Согнутый, как мыслитель Родена: спина согнулась под тяжестью размышлений, негнущиеся пальцы запущены в волосы, падающие на лоб; свинцовая голова клонится к полу от тяжёлых мыслей – этот мужчина пятидесяти лет воплощал собой, не отдавая себе в этом отчёта, фигуру мученика и выражение наибольшего горя, котрое он инстинктивно нашёл и запечатлел двадцать лет назад в своей скульптуре «Плачущий о смерти матери».
Увидев меня, Леонардо поднял голову со спутанными волосами, посмотрел на меня испуганно, поднял сведённые судорогой руки, и из его сведённого спазмами рта, из горла, сдавленного рыданиями, вышел хриплый рёв разъярённого быка:
- Какой ужас, друг, какой ужас!
Мы крепко обнялись. Наши души, затопленные чувствами, слились, и в немом диалоге наши сердца, разделяя одну и ту же боль, с чистой нежностью разговаривали друг с другом в глубоком и благородном молчании.
Как этот человек страдал!
Он страдал вдвойне от чувства немилосердной боли и от поедающих и грызущих его мыслей.
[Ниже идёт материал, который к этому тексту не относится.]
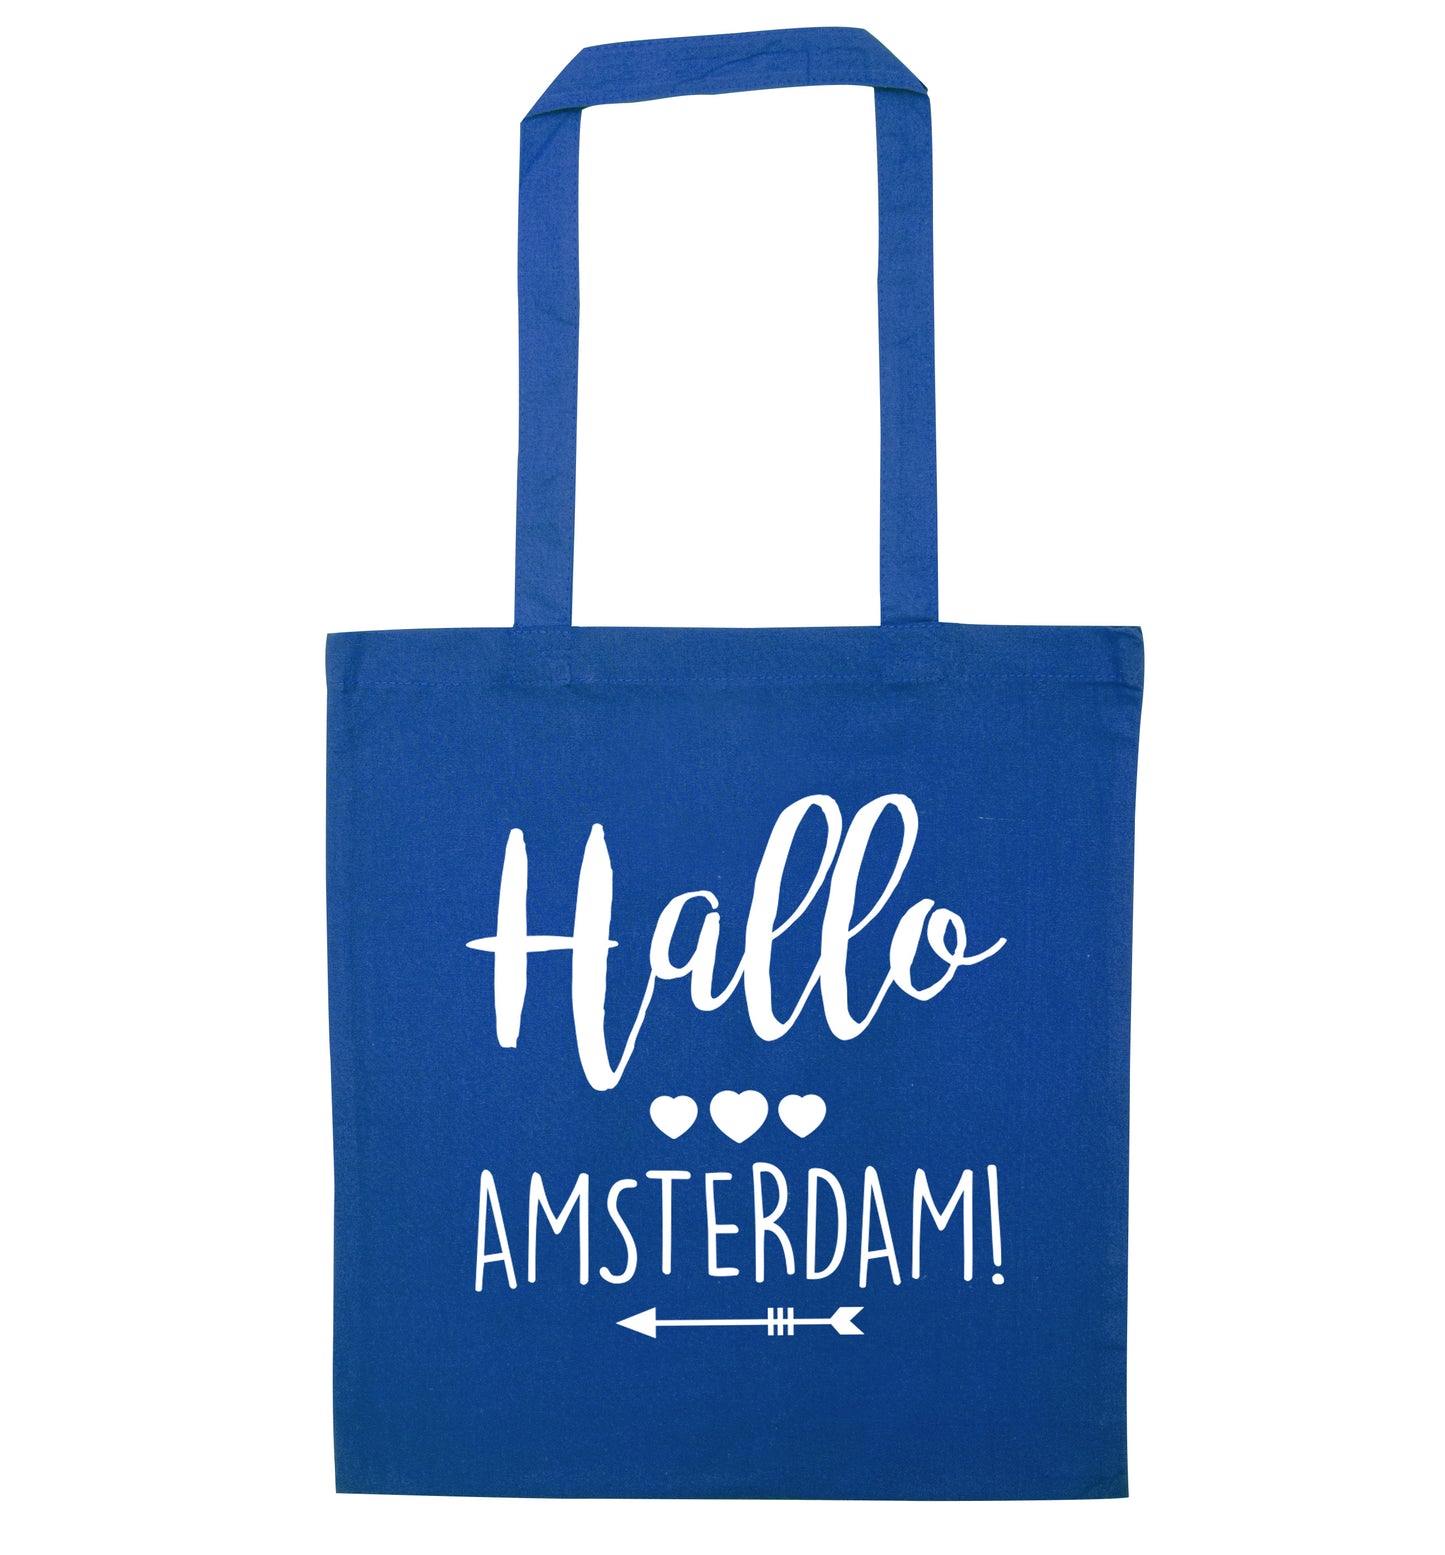 Hallo Amsterdam blue tote bag

Смерть матери оставила дыру в его сердце и вонзила гвоздь в его мозг. Он кричал безутешно и опустошённо:
- Теперь вот и я знаю, что такое Одиночество!
Но тут же тоска сменялась угрызениями совести, и он шептал замогильным голосом с застывшим от ужаса взглядом:
- Недостаток моей веры убил мою мать!
Изнемогший, он сидел на ступеньках подиума, и снова обхватывал голову руками, запускал в отчаянии пальцы в растрёпанные волосы, погружаясь в абсолютную боль, у которой нет ни слёз, ни слов, ни жестов – боль тянущая, боль бронзовая, боль погребальная, которая наводила ужас!
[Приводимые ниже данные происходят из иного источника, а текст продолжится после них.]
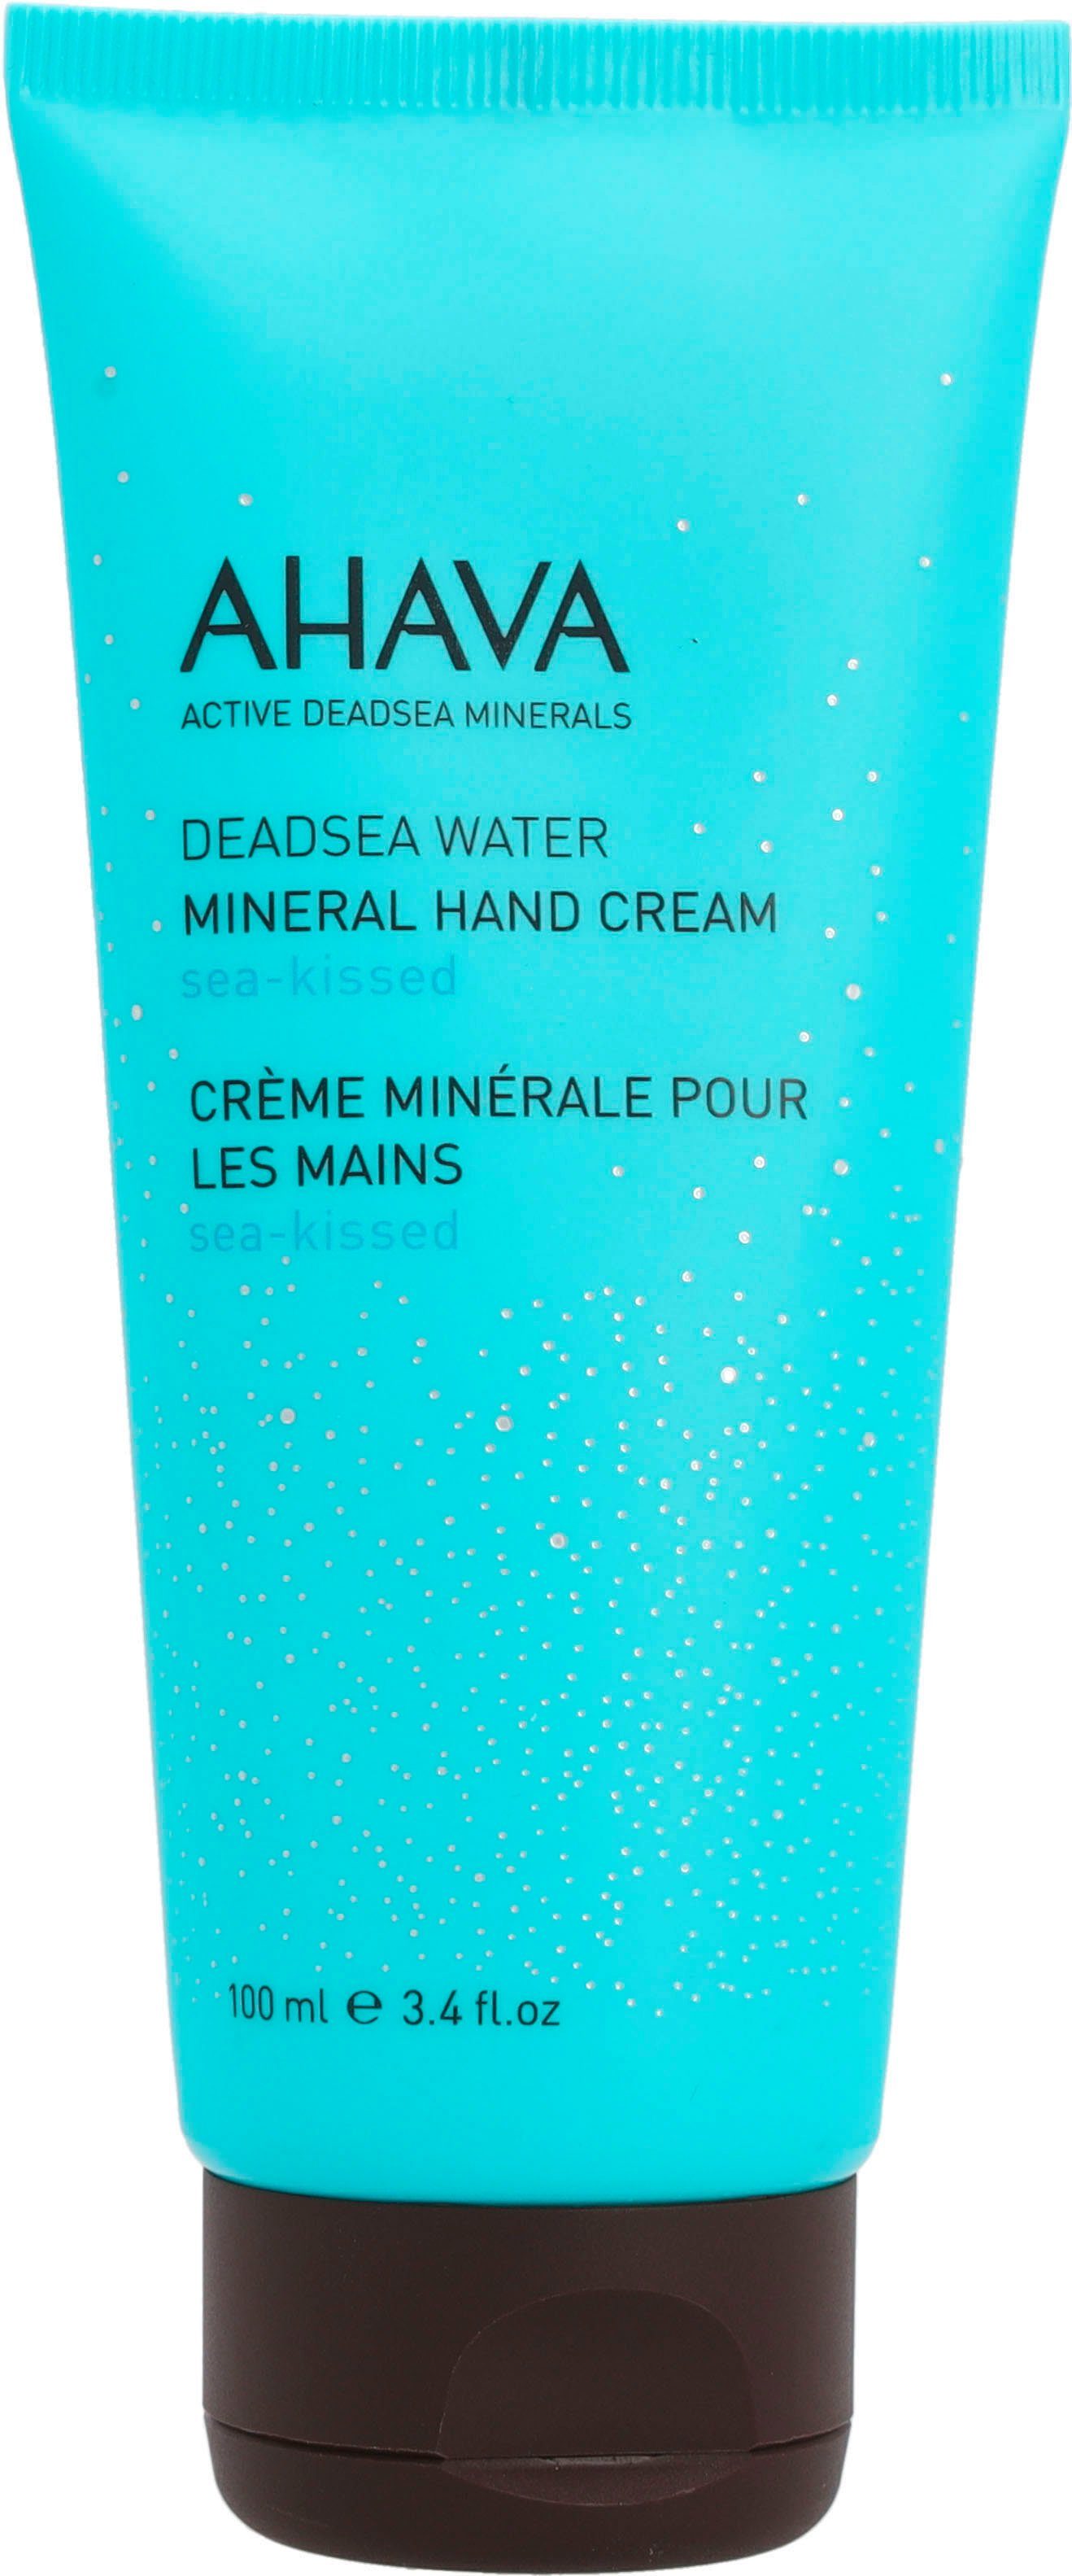 Hand Mineral Deadsea AHAVA Cream Sea-Kissed, Handcreme Water Beschreibungstext siehe

Я проводил с ним все вечера, всё, что я говорил ему (а я уже не мог совершить большего усилия мысли или увеличить свою заботу) было абсолютно бесполезно, ибо не могло выдернуть его из его упорного молчания, сотканного из рвущей тоски и темных угрызений совести – эта крестная смесь погребала его в горчайшей темноте, где обитали призраки несчастья…
Когда смеркалось, я выходил из мастерской, оставляя его в том же положении, в каком и находил: сидящего на ступенях помоста, с согнутой спиной, руки в спутанных волосах, глаза испуганные и высохшие, взор устремлён в пол. Он был чувствующим Роденом – бронзовой статуей сыновьей боли.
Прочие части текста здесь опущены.